Kurzweil, who Bill Gates has reportedly called "the best person [he knows] at predicting the future of artificial intelligence," told the Observer in a recent interview that he is working with Google to create a computer system that will be able to intimately understand human beings.

"I have a one-sentence spec which is to help bring natural language understanding to Google," the 66-year-old tech whiz told the news outlet of his job. "My project is ultimately to base search on really understanding what the language means."

"When you write an article, you're not creating an interesting collection of words," he continued. "You have something to say and Google is devoted to intelligently organizing and processing the world's information. The message in your article is information, and the computers are not picking up on that. So we would want them to read everything on the web and every page of every book, then be able to engage in intelligent dialogue with the user to be able to answer their questions."

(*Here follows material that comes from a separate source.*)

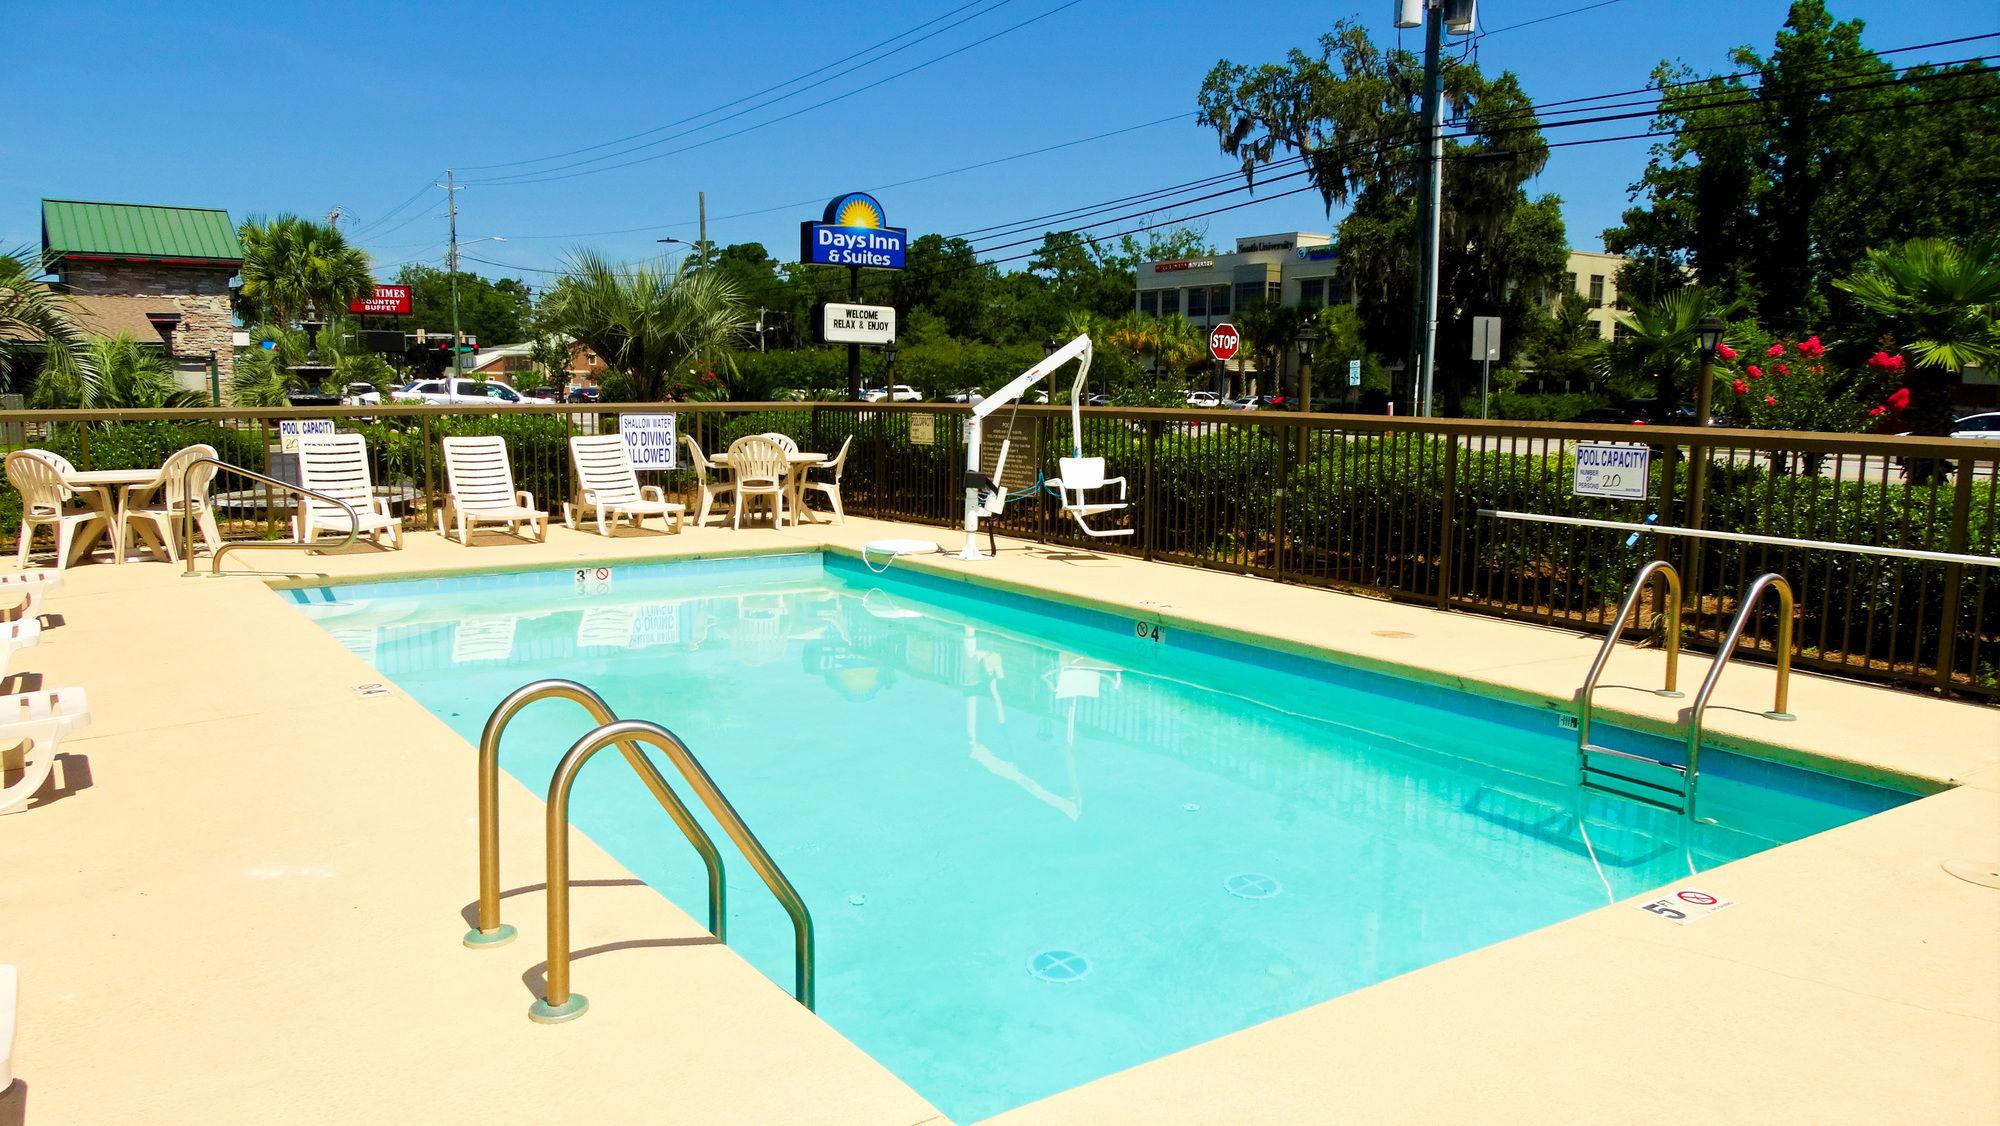 Days Inn and Suites Savannah Midtown in Savannah, GA

In short, the Observer writes, Kurzweil believes that Google will soon "know the answer to your question before you have asked it. It will have read every email you've ever written, every document, every idle thought you've ever tapped into a search-engine box. It will know you better than your intimate partner does. Better, perhaps, than even yourself."

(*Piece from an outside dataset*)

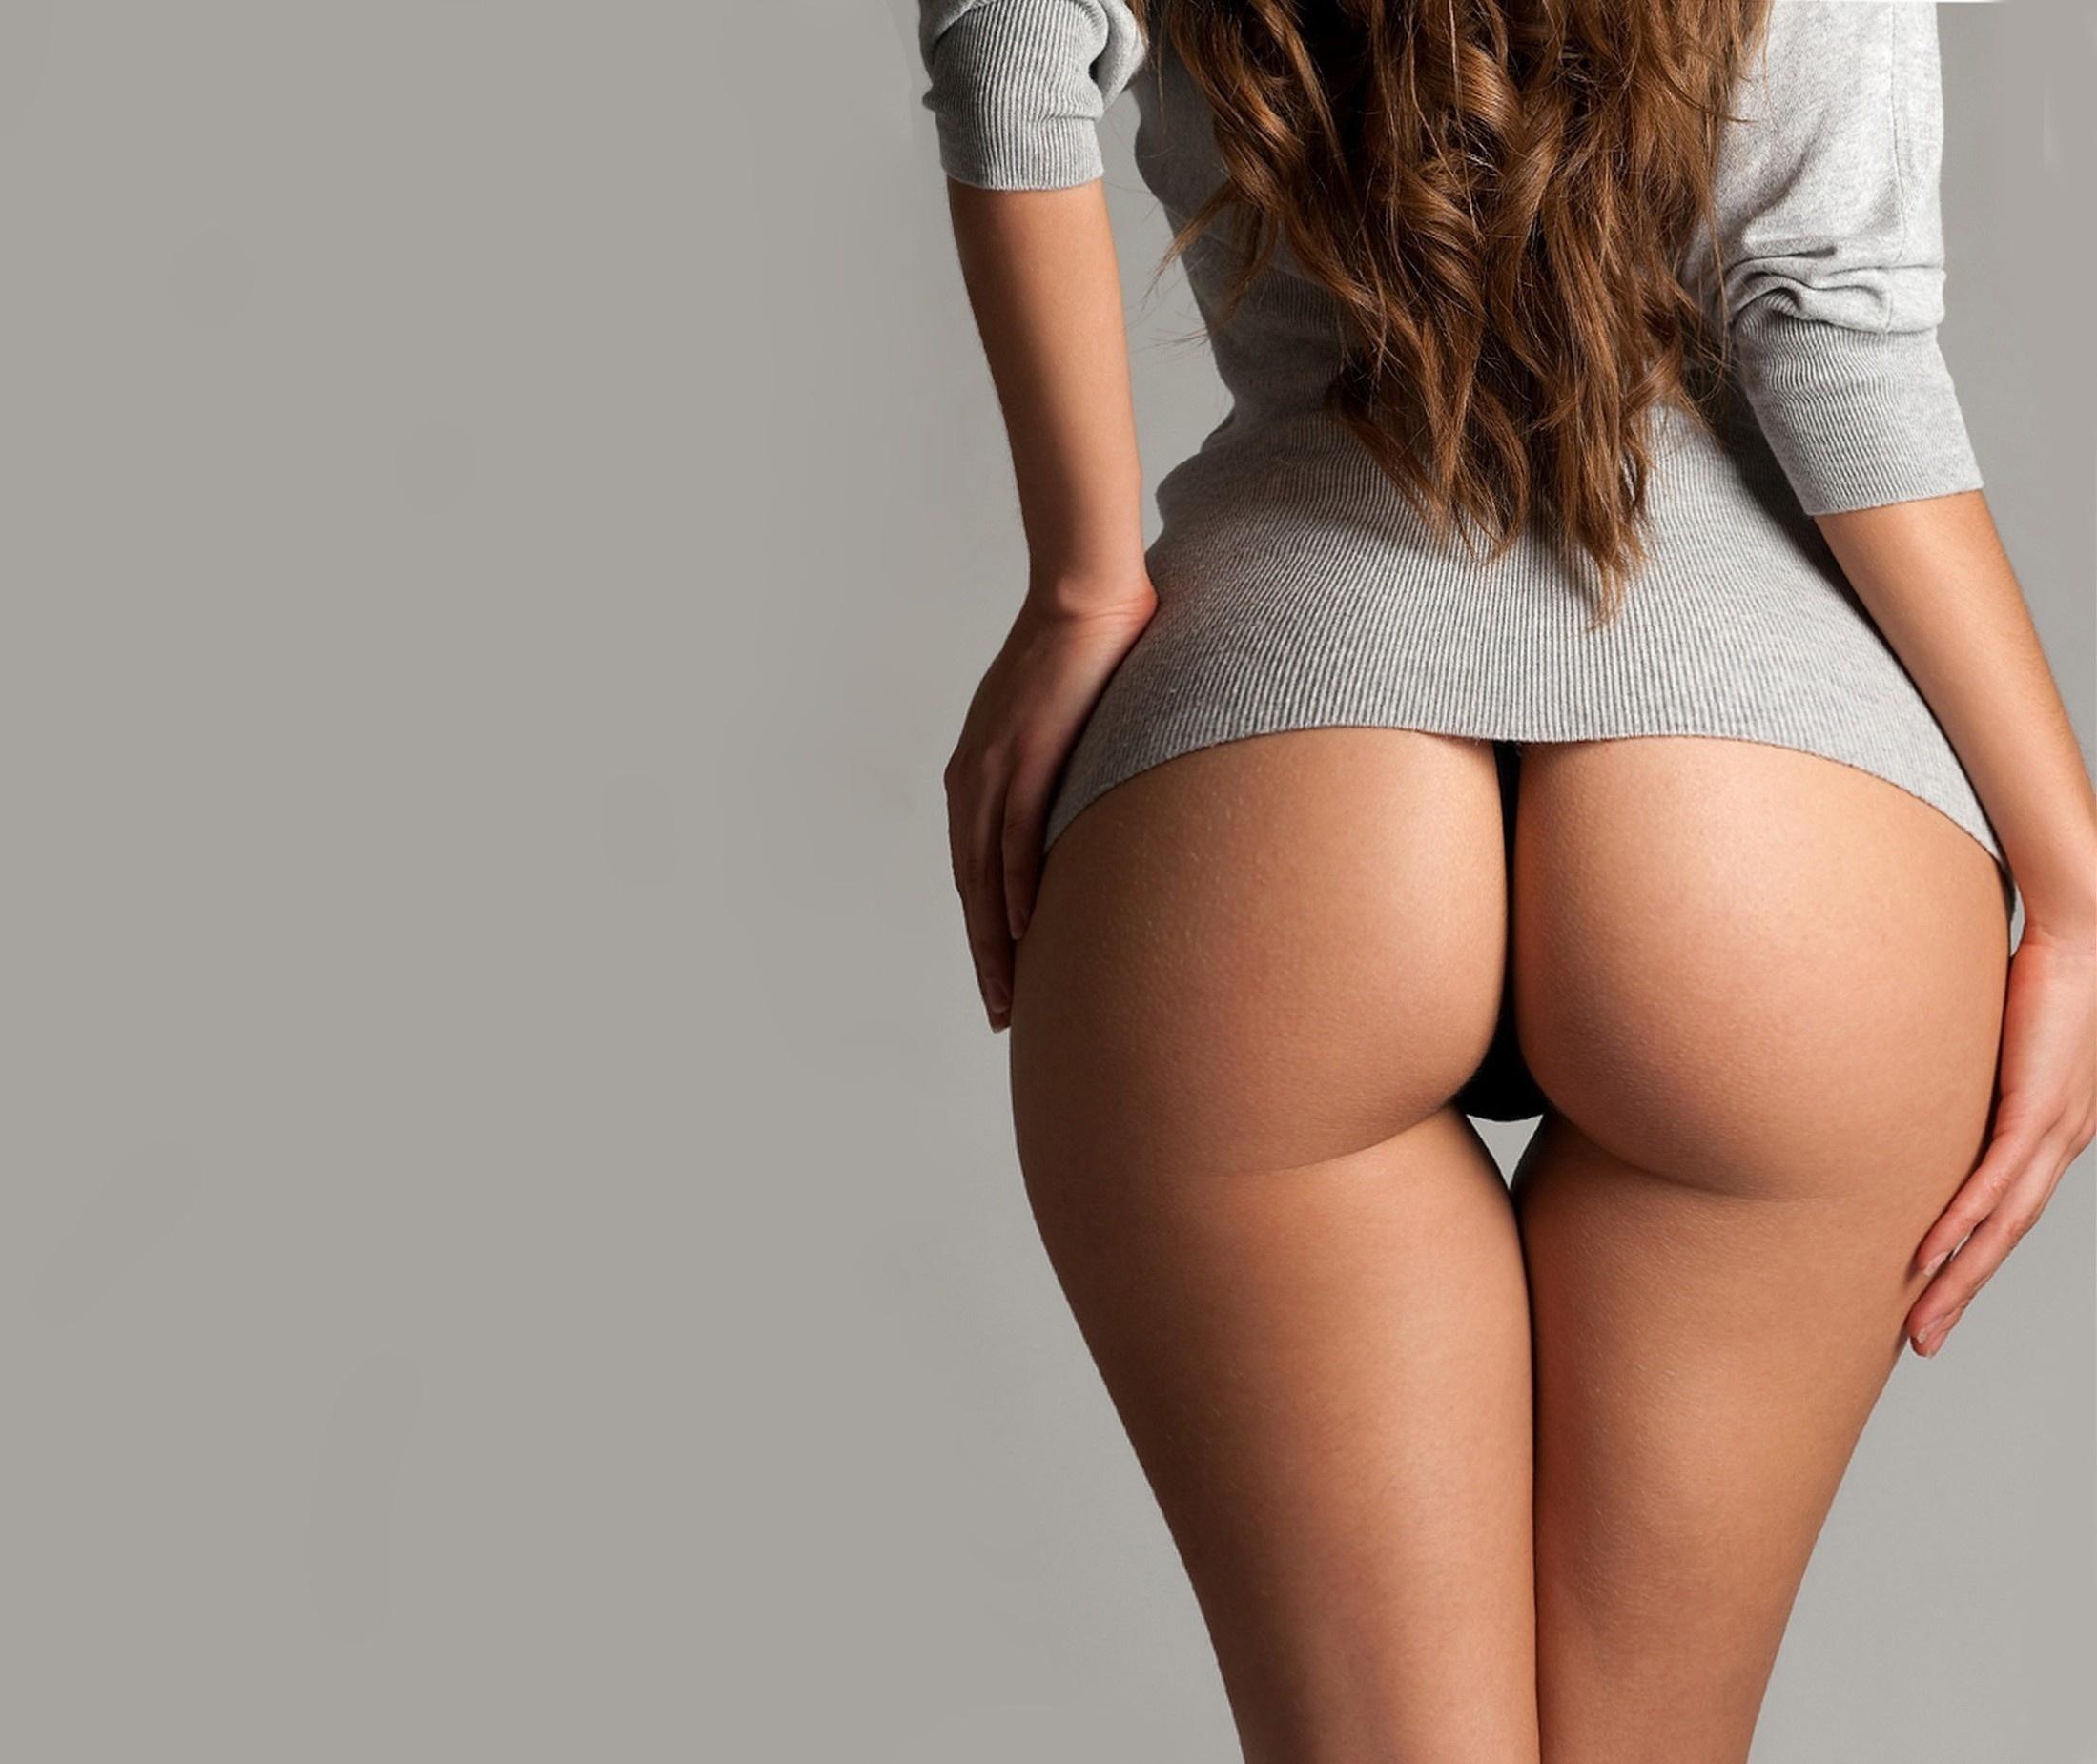 Download 2199x1850 lingerie, girl, beautiful, back, ass ...

As creepy as this may sound to some, Kurzweil -- who has long contended that computers will outsmart us by 2029 -- believes that the improvement of artificial intelligence is merely the next step in our evolution.

"[Artificial intelligence] is not an intelligent invasion from Mars," he told the Montecito Journal in 2012, per a post on his website. "These are brain extenders that we have created to expand our own mental reach. They are part of our civilization. They are part of who we are. So over the next few decades our human-machine civilization will become increasingly dominated by its non-biological component."